## Exercise aim
As you print the data below, keep every line exactly as it is and leave the images behind.

** Information shown follows **

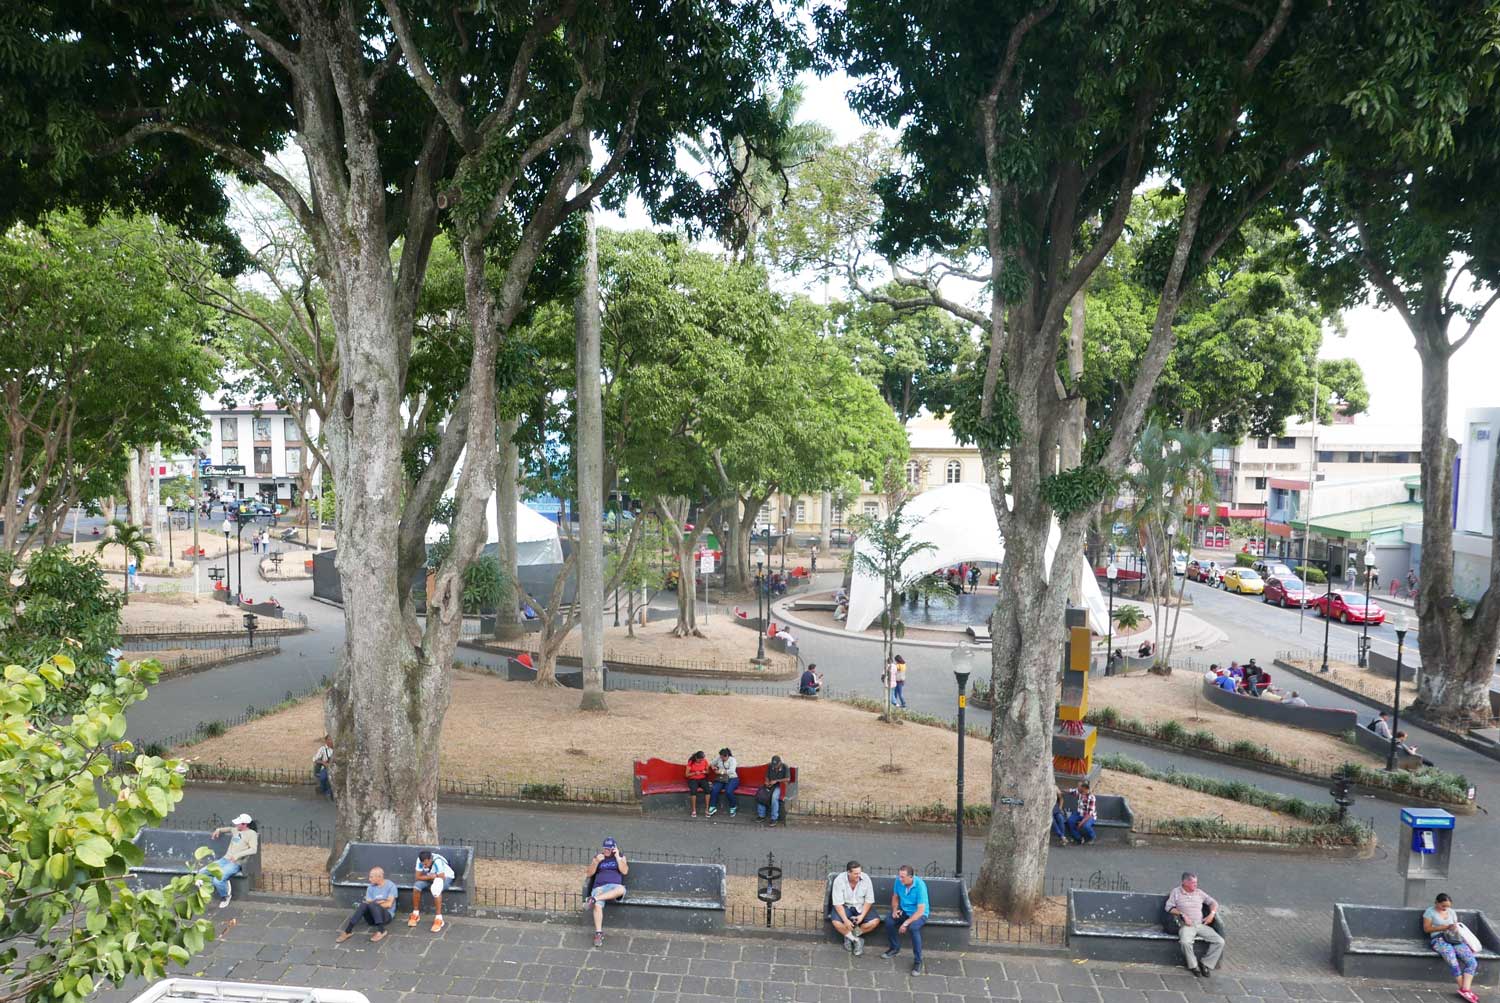 Overview of the Parque Central in Alajuela
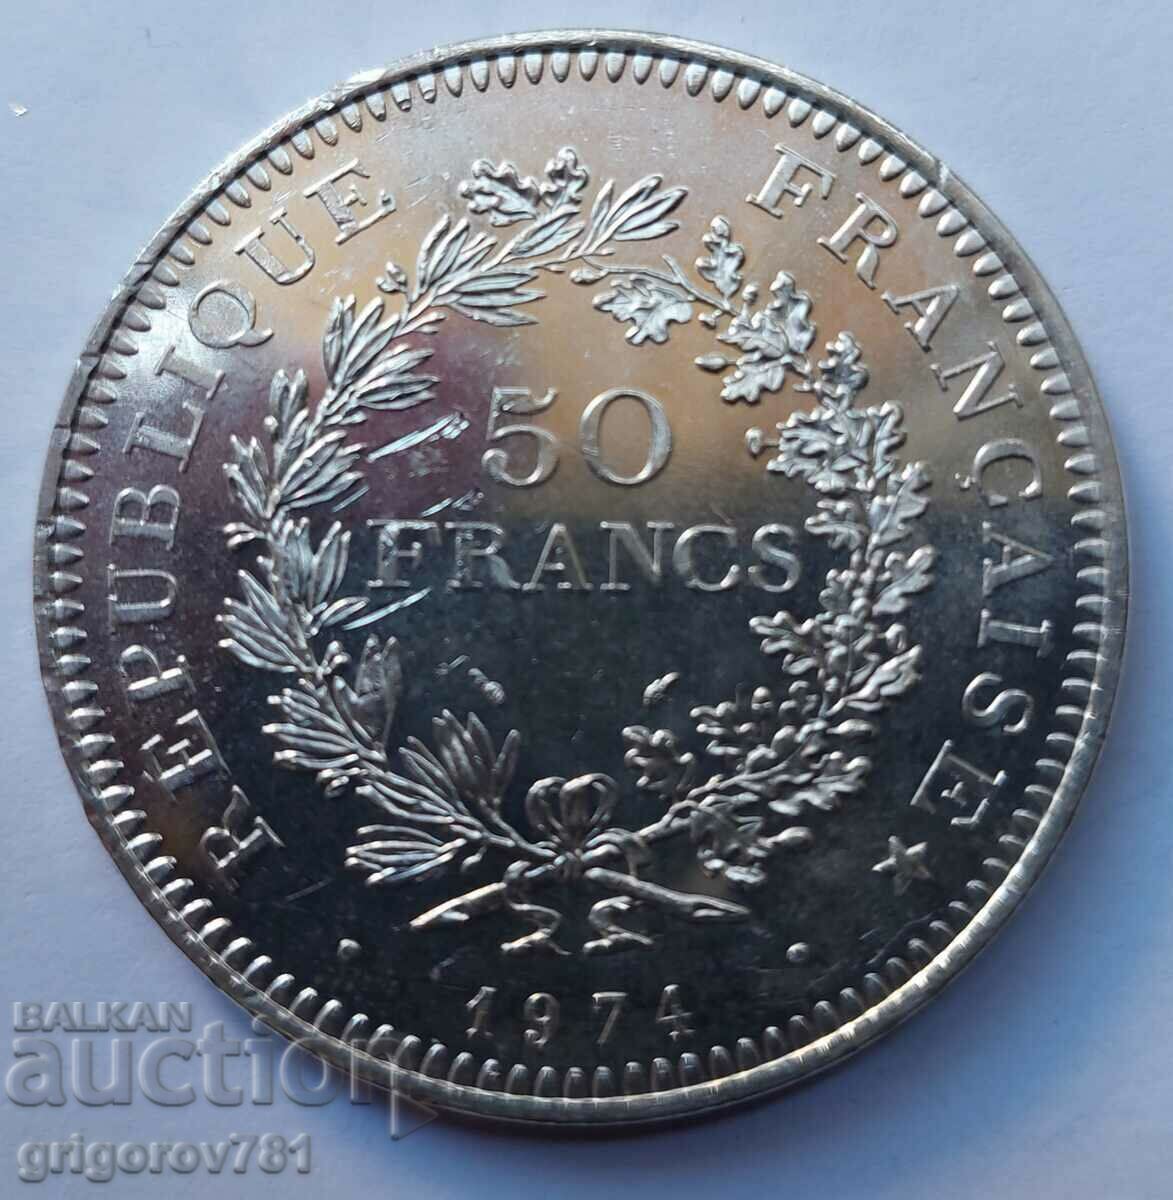 50 Francs Silver France 1974 - Silver Coin #15
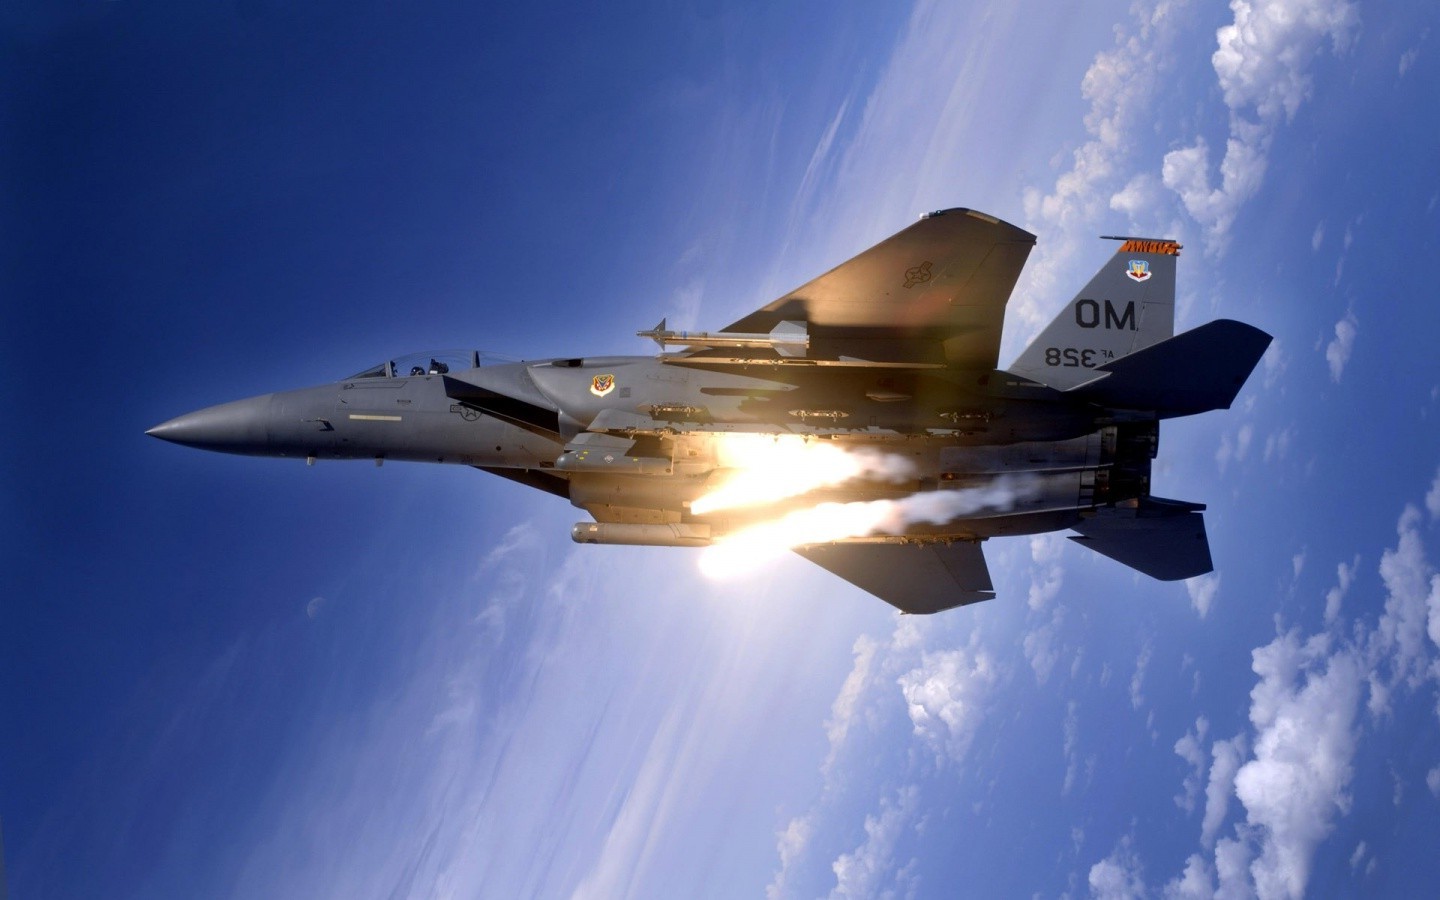 war, Missiles, Airplane, Blue, Clouds, Clear sky, Flares, F 15 Eagle, F

** End of Information shown **

## Solution to this task
 Overview of the Parque Central in Alajuela
 50 Francs Silver France 1974 - Silver Coin #15
 war, Missiles, Airplane, Blue, Clouds, Clear sky, Flares, F 15 Eagle, F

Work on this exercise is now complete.